Over the last 20 years the performance gains in GPU 3D performance (as measured for example by a GPU’s 3D PassMark) have been enormous - by a factor of about 25,000 for instance from that wonderful Rage Pro 128 of 1999 (remember that?) to this year’s nVidia RX 3080. But in the same period the G2D PassMark has seen much lower performance increase: by a factor of about 7 from the Rage card to the 3080 card. Or, much more tellingly, by only about 50% from the Geforce GT 745 of 2013 to the RX 3080 of 2021.
This leads me to conclude that I don’t need to have too much concern about how recent my graphics card is in terms of its effect on image processing. Am I right in my assumption? Is there a generally agreed minimum level of card one should use? How much does GGDR memory on the card affect darktable performance?
memory is crucial - if there’s not sufficient memory there’ll be additional overhead for tiling. With current megapixel counts the images needs a lot of memory (you can see a significant difference if working on a full HD screen vs a 4k Screen - and thats just the reduced data needed for displaying)
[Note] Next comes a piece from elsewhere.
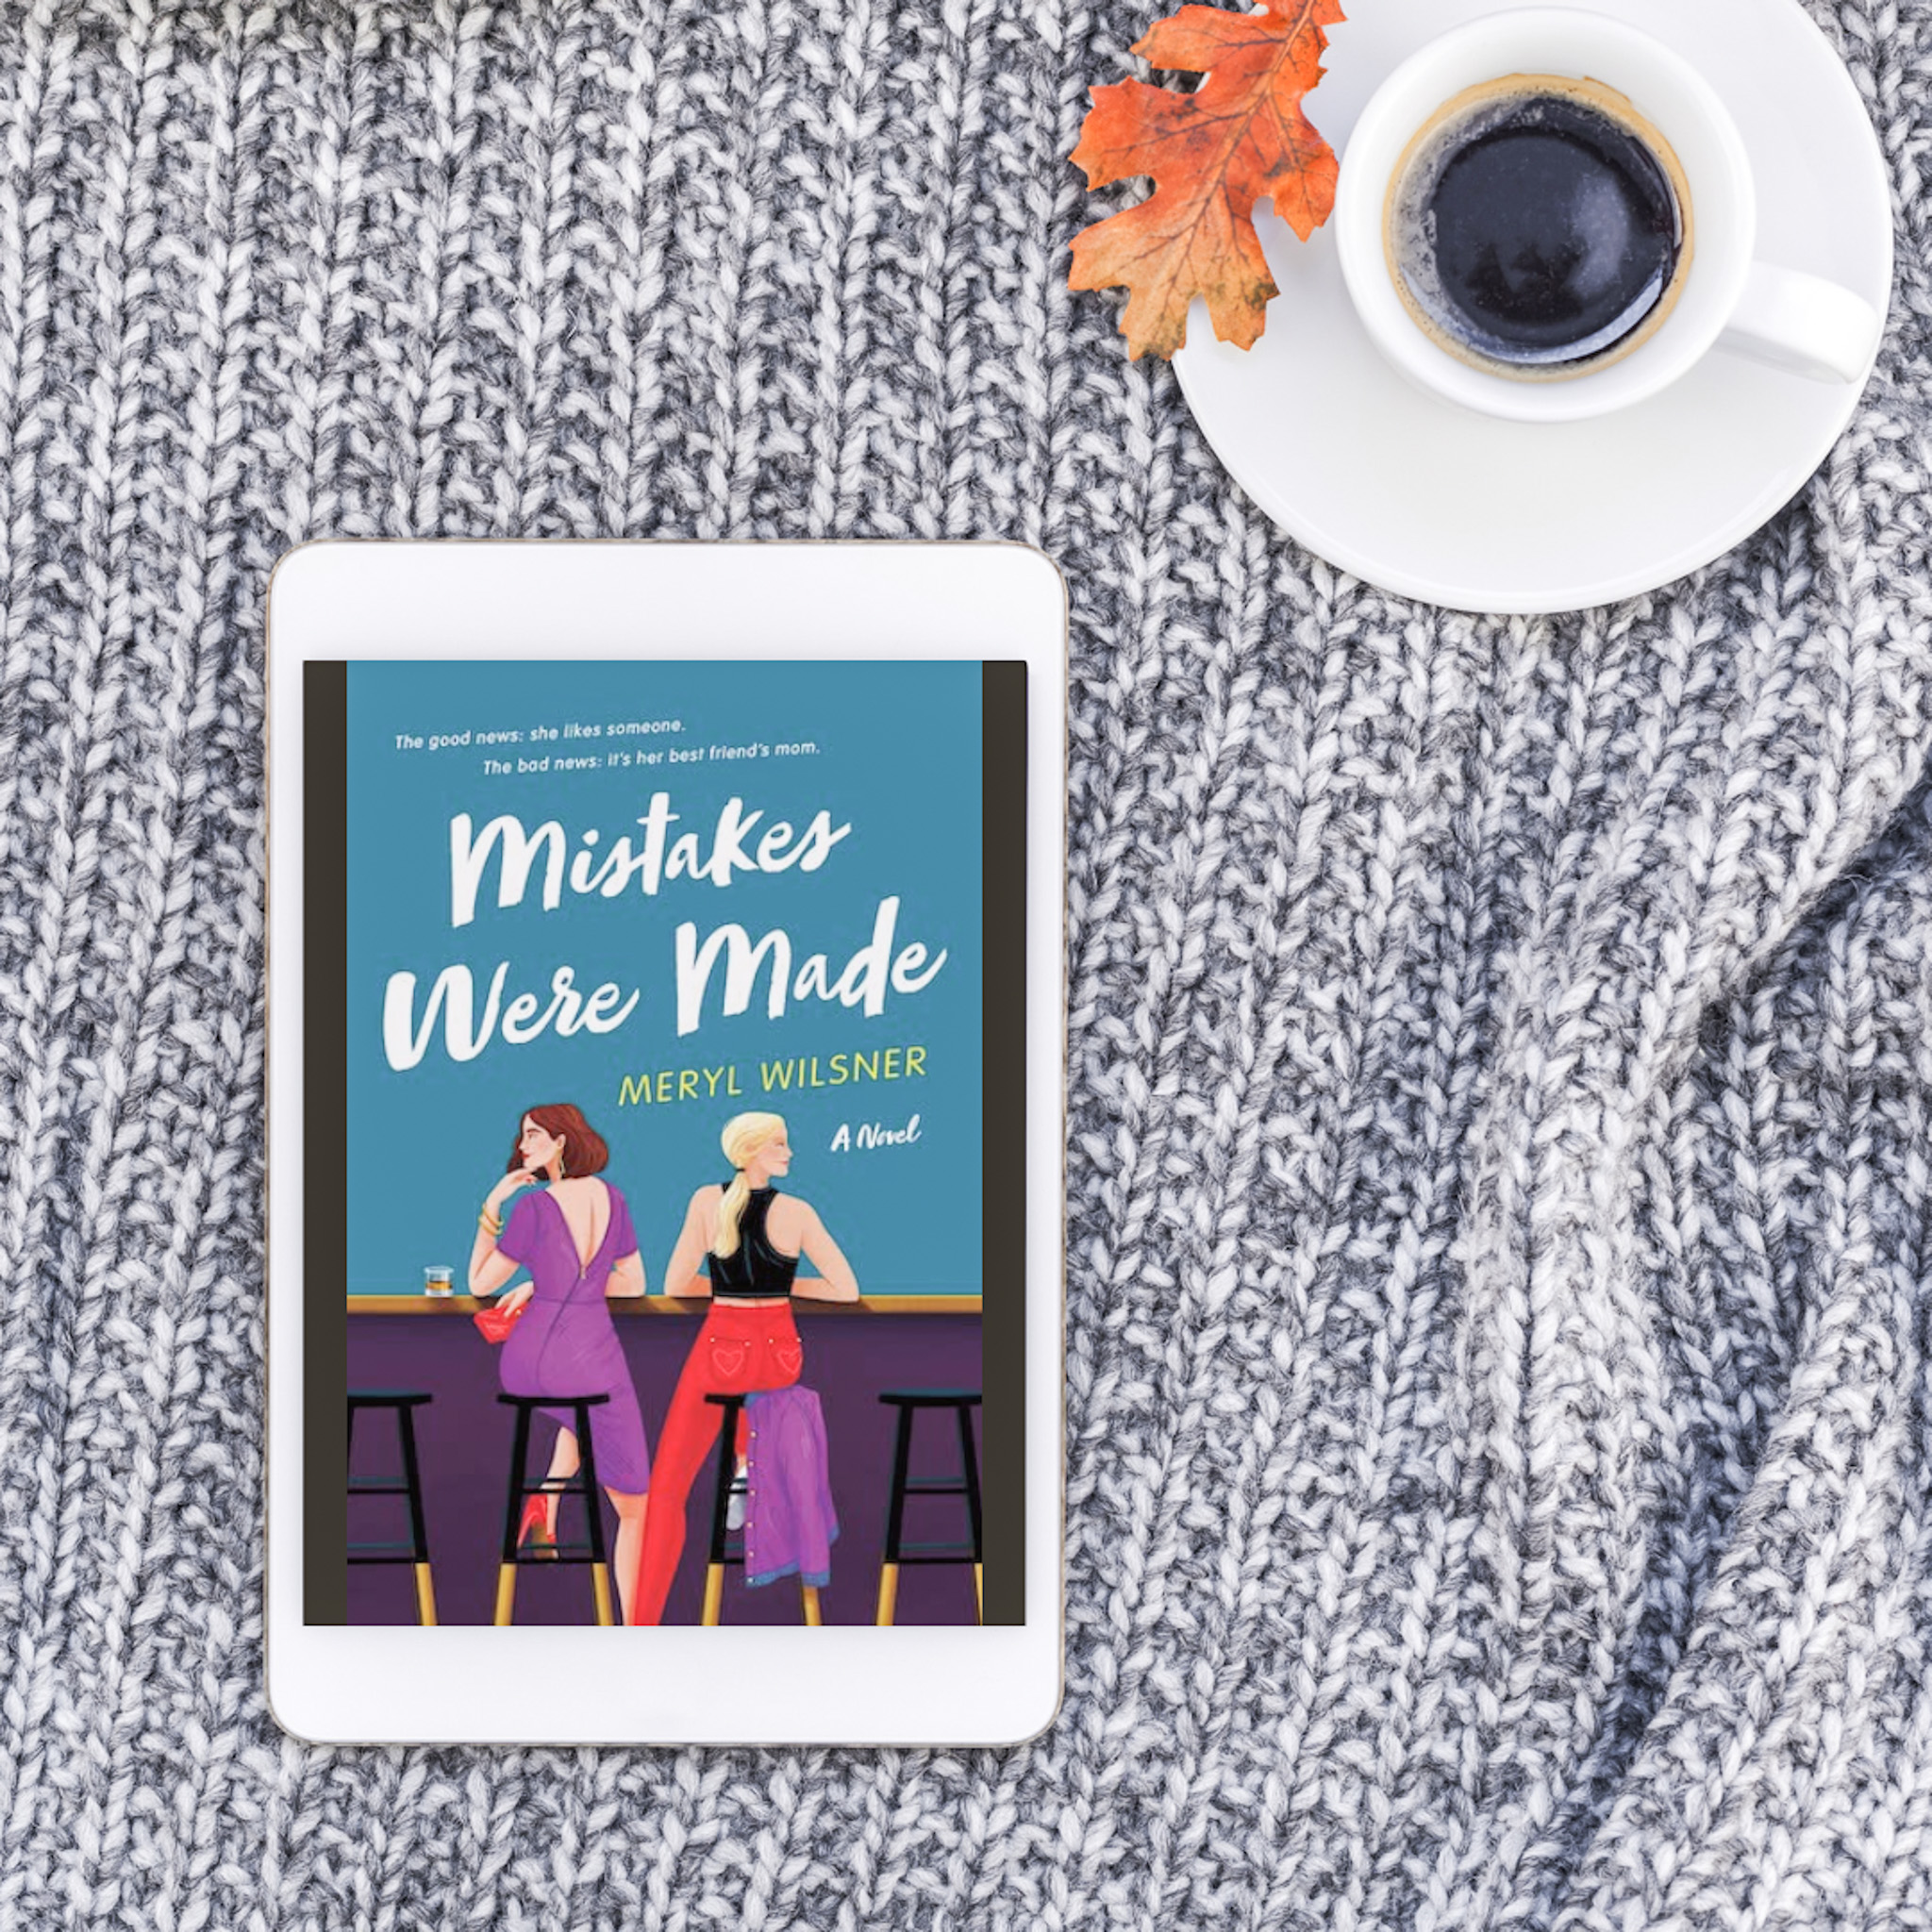 ARC Review: Mistakes Were Made by Meryl Wilsner
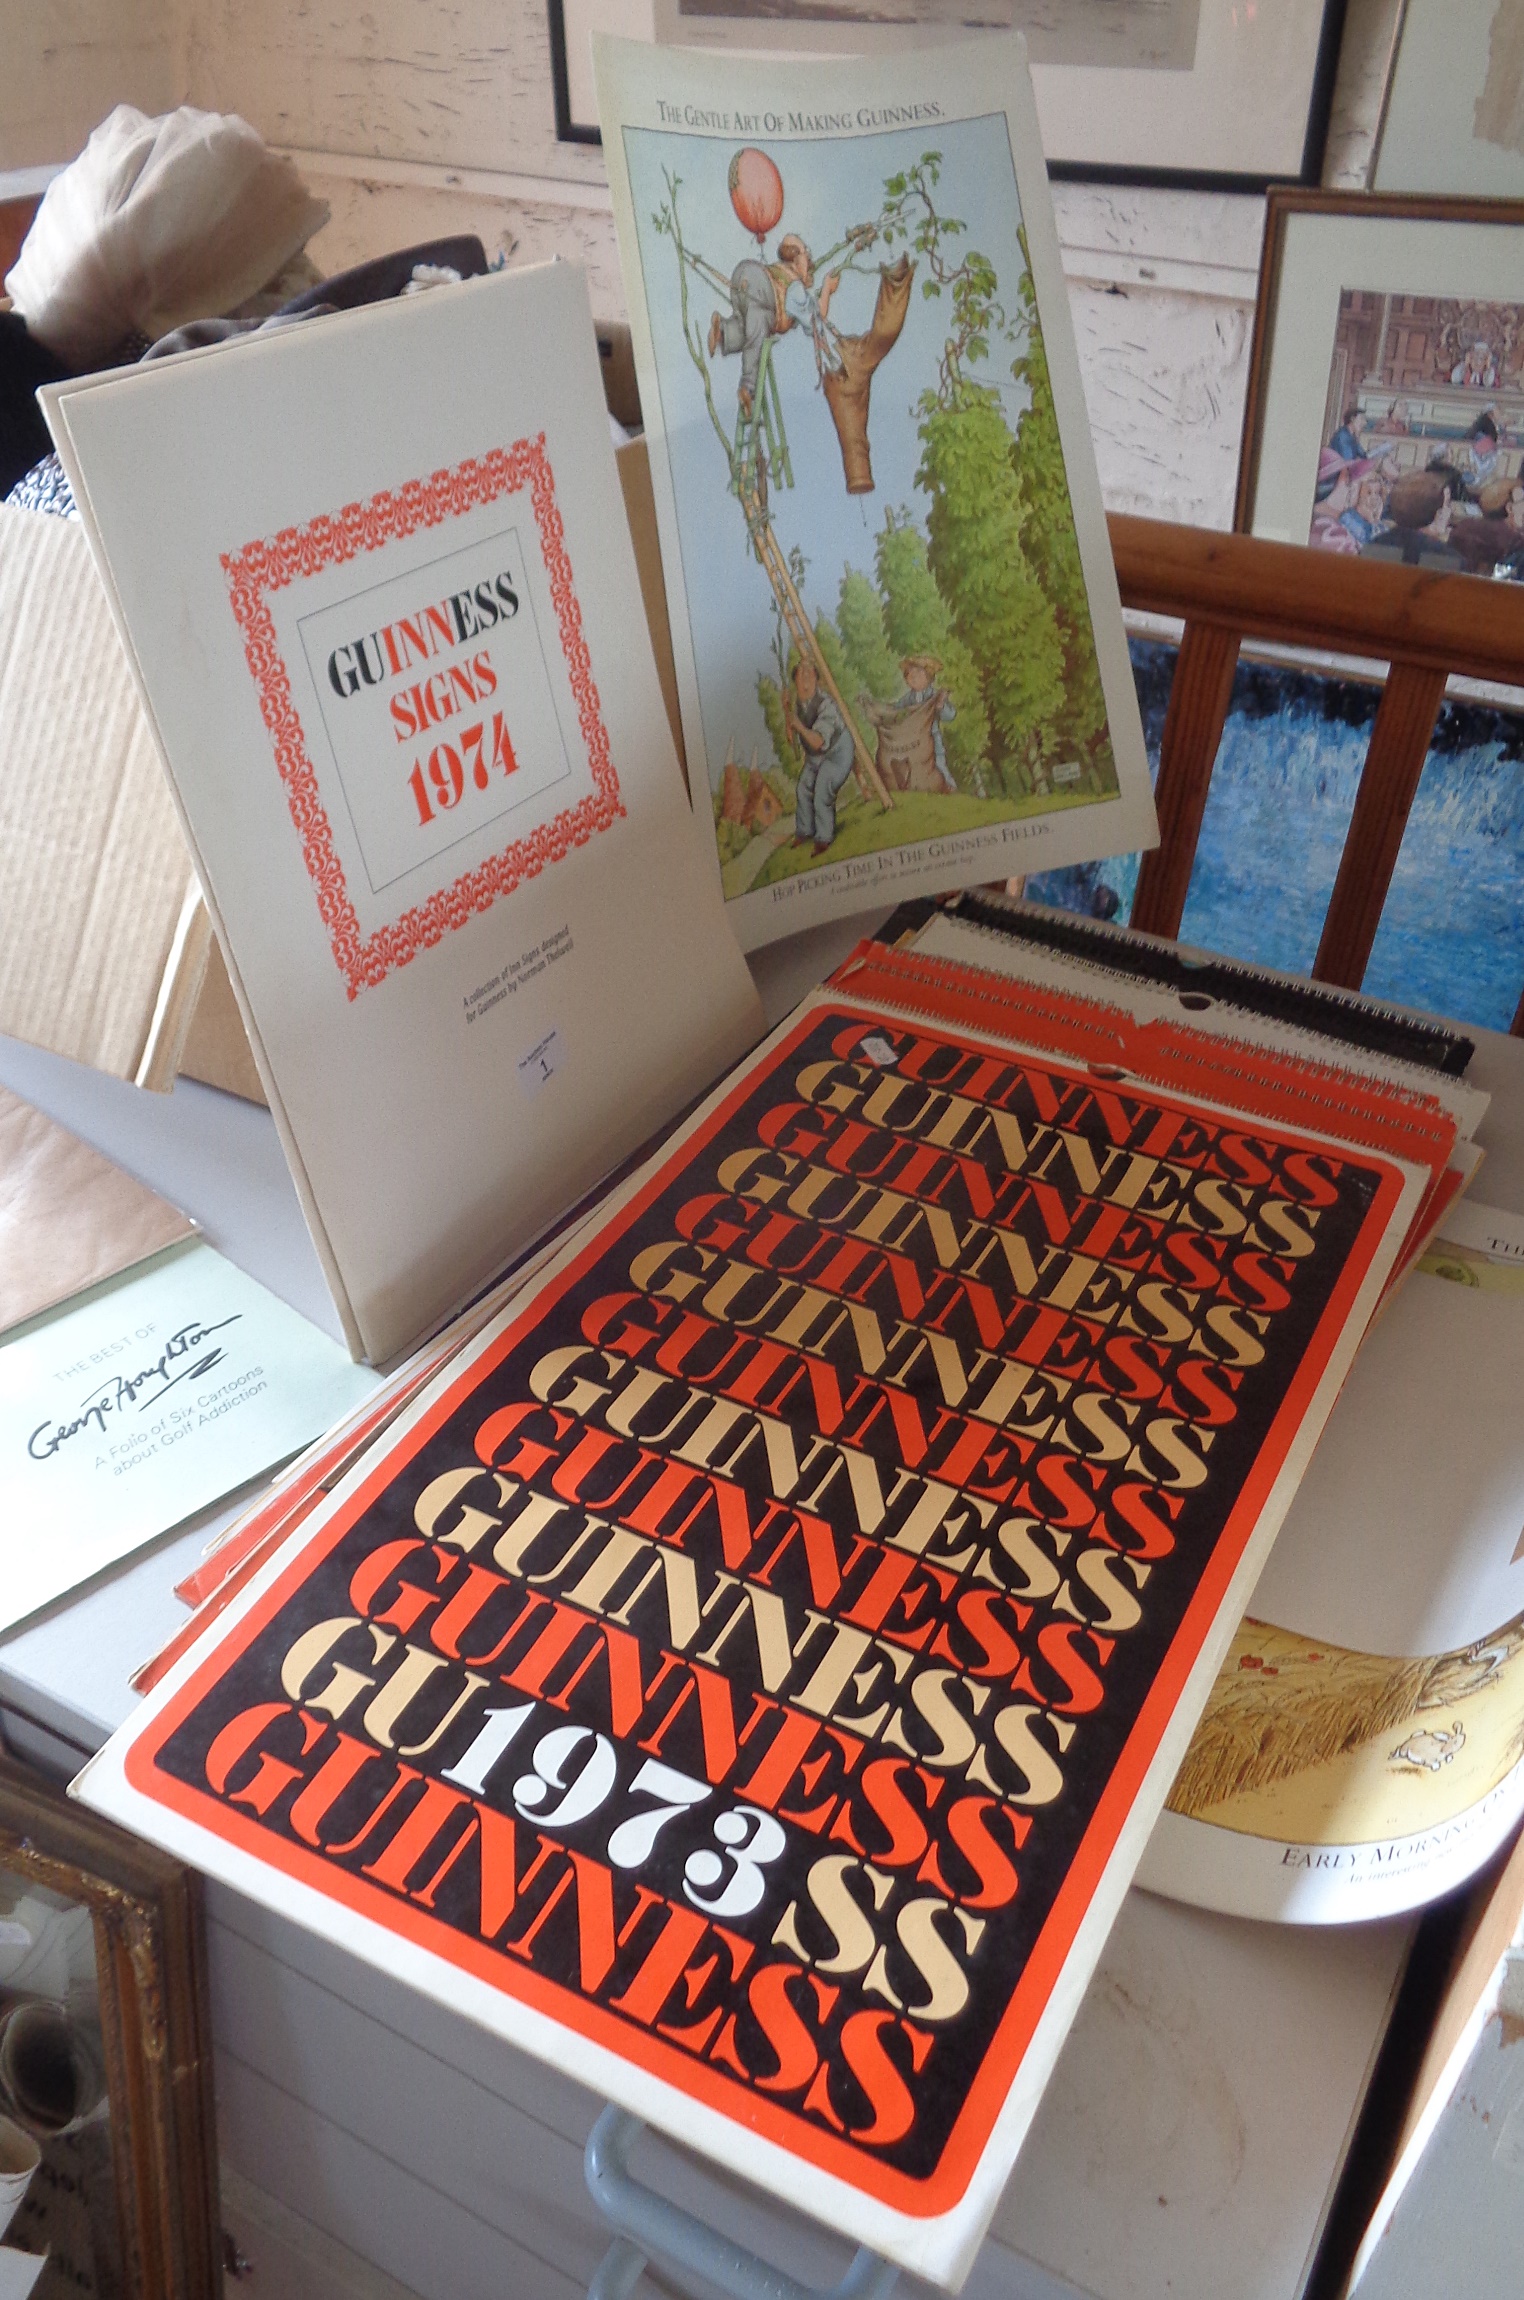 Folios of Guinness posters by Norman Thelwell and John Ireland, 13 Guinness calendars from the

GPU processing power increase was enormous, GPU memory not
I assume you are meaning memory on the graphics card? How much is the minimum? Is too much never enough? And how does the system RAM amount affect the tiling performance? Is it all done on the graphics card?
Not so fast there, mister. All of the modern OpenCL image processing stages (e.g. Local Laplacian Pyramids, bilateral filter, blur, sharpen, scaling, even matrix colorspace transforms) actually run on those same general GPU cores.
While you might not care about vertex processing throughput for dt, you very much care about pixel processing throughput.
You need enough main memory to hold your image and associated data. That might also imply that having more GPU memory than you have main memory might not be too useful (if dt is the only program using the GPU memory!).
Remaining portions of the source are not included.